Japanese physicists' 'pentaquark' hints at answers to makeup of matter (USA TODAY)
Japanese physicists' 'pentaquark' hints at answers to makeup of matter
Physicists have discovered a new class of subatomic particles, offering unexpected insights into the building blocks of matter. The discovery involves tiny particles called "quarks," the bricks and mortar of protons and neutrons in the atomic nucleus.
Until now, physicists had only seen quarks packed into two- or three-quark combinations inside the larger subatomic particles.
These combinations have always been something of a mystery. In their efforts to unravel the secrets of matter, scientists have tried for three decades to come up with different combinations.
And now a Japanese team led by Takashi Nakano of Osaka University says it has created a five-quark particle — "pentaquark" — in an experiment at the SPring-8 physics lab. Testing a theory from Russian scientists, the team blasted carbon atoms with high-energy X-rays to make the pentaquarks.
Determining why the pentaquark appeared in the experiment should offer great insight into the nature and stability of the essential building blocks of all matter, says physicist Ken Hicks of Ohio University in Athens, who took part in both the experiment and a confirmatory effort at the U.S. Department of Energy's Thomas Jefferson National Accelerator Facility.

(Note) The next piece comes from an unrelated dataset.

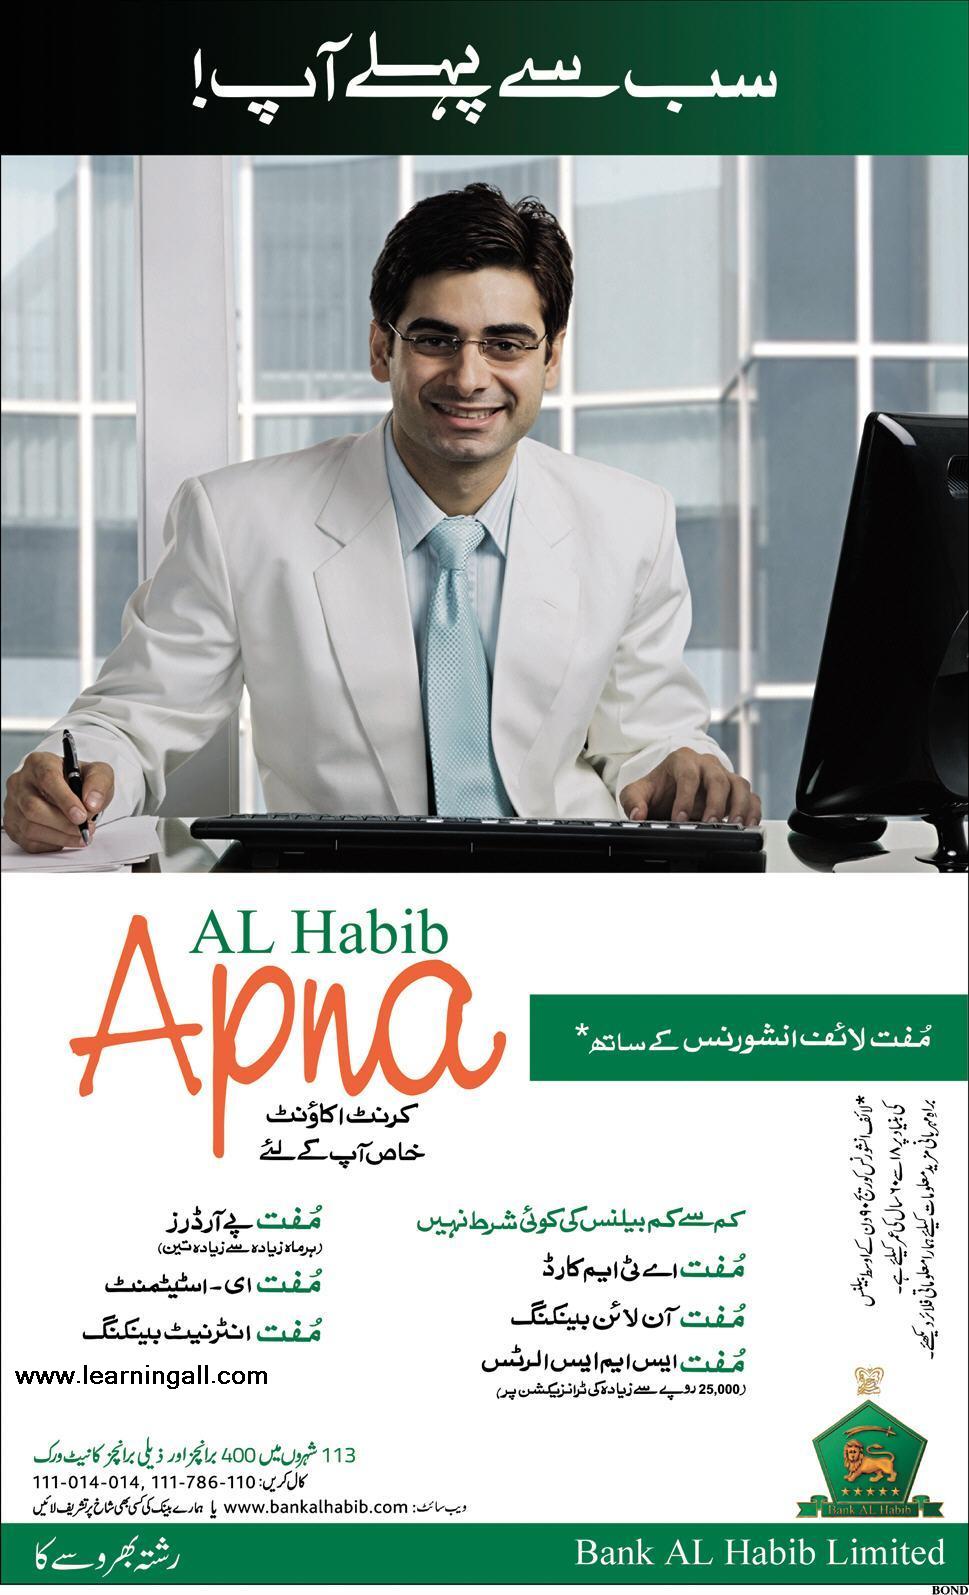 Al Habib Bank Apna Current Account Details and Benefits

"It took me two months to convince myself this was real," Hicks says. "It has been a real roller coaster."
Quarks come in six types, or "colors." The type of quarks inside protons and neutrons determines the mass, energy and magnetism of those particles. The pentaquark's stability likely comes from a unique combination of quarks, says physicist Peter Barnes of Los Alamos (N.M.) National Lab.
The findings appear in next Friday's Physical Review Letters.